I love Christmas, but . . .

The good doctor suggested, among other things:

I've got a few ideas for Christams songs I'm working on:

--Santa Must Have Been Drunk (When He Brought You to Me)

That sounds like a C & W song that Eddie Rabbitt or somebody else might record.
 
As a southerner, I am totally tired of the way Yankees and northern Europeans managed to co-opt Christmas.

Since when did the original time of Jesus' birth have anything to do with snow and jingle bells and holly?

I lived in the Middle East for a while, and while I'm not up to looking it up on a globe at this time, I would venture to say that the climate in the desert country I lived in was not unlike that of Bethlehem. In the early winter or late fall, it starts raining for the first time since May and people rush like mad to plant flowers and vegetables. Add to this, there is some evidence to suggest that Jesus was born in the springtime, because the time that shepherds are most likely to be out with their flocks by night is lambing time. No--Jesus was probably not born "in the bleak midwinter."

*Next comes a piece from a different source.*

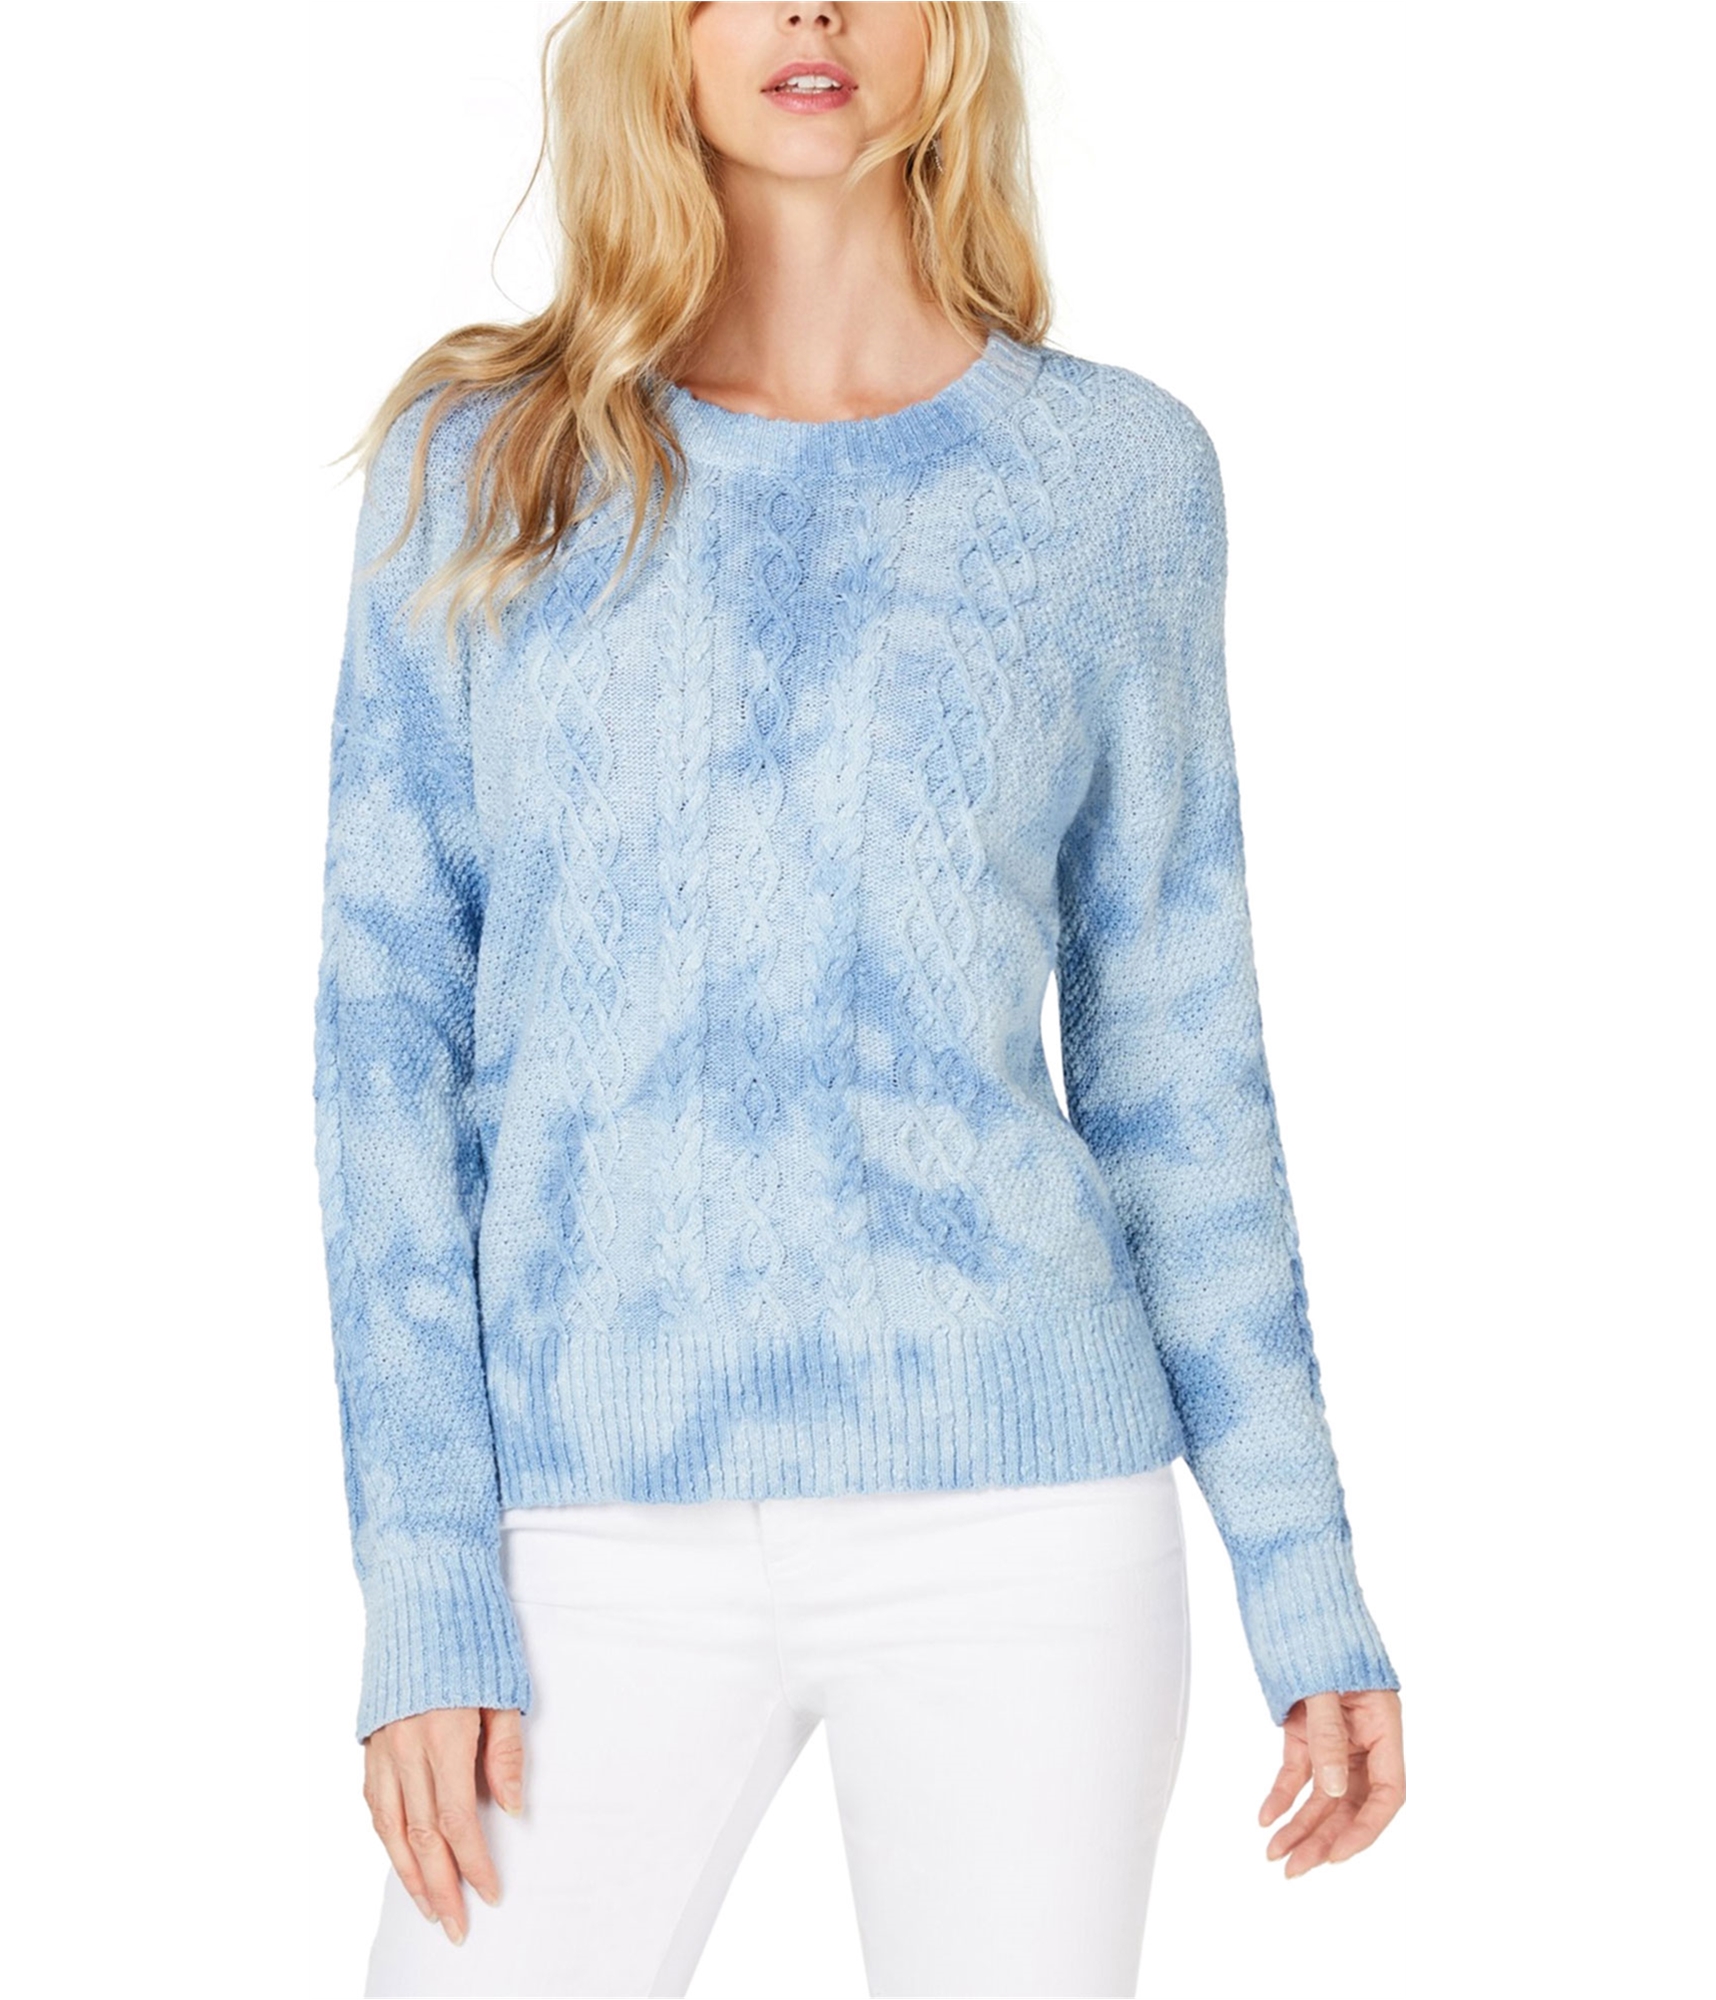 I-N-C Womens Chunky Cable Knit Sweater, Blue, X-Large | eBay
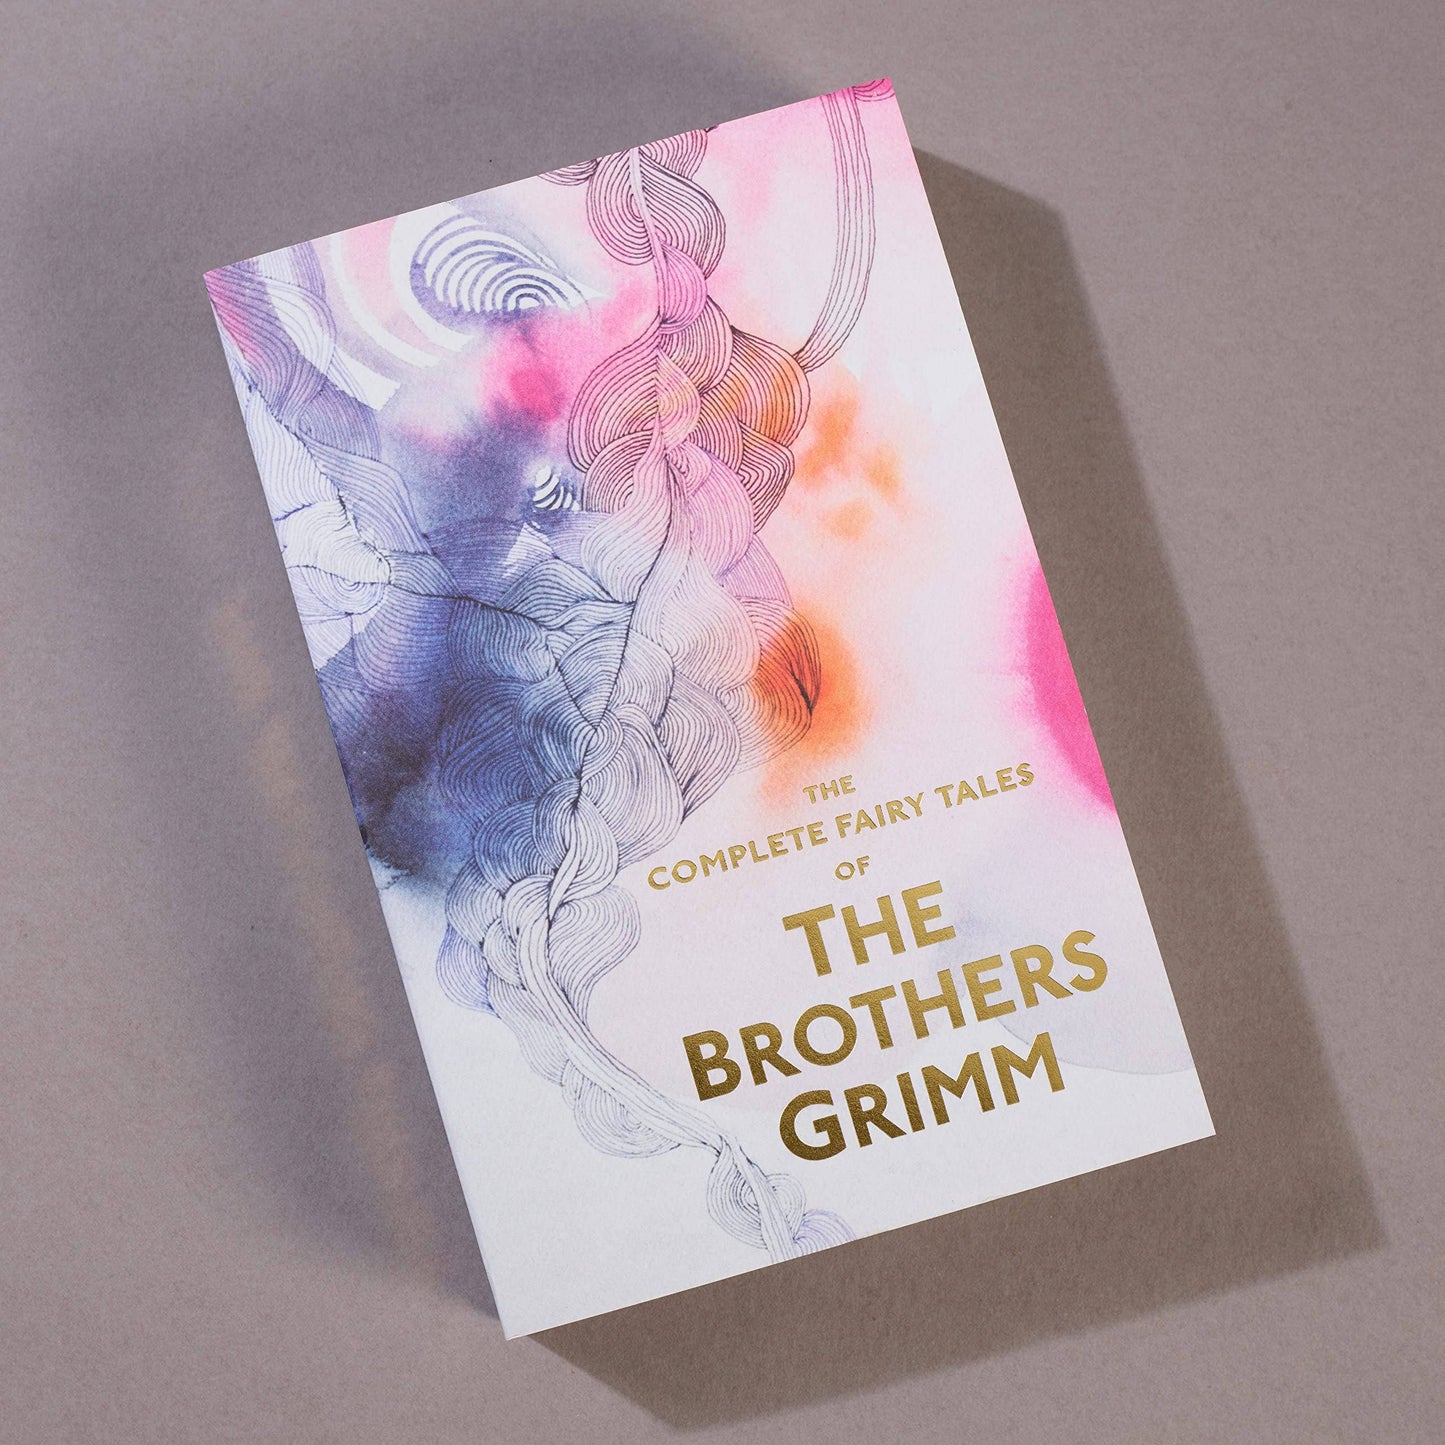 The Complete Fairy Tales of The Brothers Grimm | Special Ed.

Yet, no matter where you are, even if you came up in Gulf Coast Texas and are living in Florida like me, you're inundated with images of the damn snow and jingle bells! Since I've been alive it has snowed in Houston approximately twice--once in 1960 and once in 1973. And have you ever noticed how once Christmas is over, nobody sings "Jingle Bell Rock," "Jingle Bells," or "Let it Snow"? And yet people in the cold countries have at least two more months, possibly three or more, of winter weather to put up with. Based on what experience I've had of living in snow country, I'd guess that the songs about snowmen and sleighrides are replaced with arguments about whose turn it is to shovel snow and put sand on the driveway and who forgot to go out and warm up the car (or who needs to dig it out).

I enjoy the winter we do get up to about--oh, Twelfth Night. Or Mardi Gras. Or Valentine's Day. Whichever comes first. Then I'm counting the days until spring.

Actually, I know how this hijacking of what was probably a temperate-climate event took place--the northern Europeans had converted to Christianity but they still wanted their Yuletide. They needed it. After all, they had to have something to make winter bearable. They had to have something to help them through a time when the days would be so short that they would find themselves working from dark to dark. I don't like coming out of work to find the sun mostly down, myself.

And that reminds me of another beef I have, that Christmas and New Years are so close together. You have a brand-spankin' new year and. as I have remarked, several weeks, if not months, of last year's weather to get through until spring. In Iran the New Year begins on the first day of spring, and it's one of their customs that I totally approve of.

This state of affairs has been going on for at least a thousand years, so I don't suppose there is anything that can be done about it. But we can enjoy all the accounts of southern Christmases; the alternative songs about the Cajun Santa and his alligator-drawn pirogue; the Christmas cards with Santa sunning himself on a Florida beach and Christmas lights string on palm trees. And I do.

I'd have more to say, except that my son is fixing to go to a winter retreat this weekend and I need to go see if he has enough winter clothes to pack. I'm glad you seem to be able to edit posts in this place indefinitely.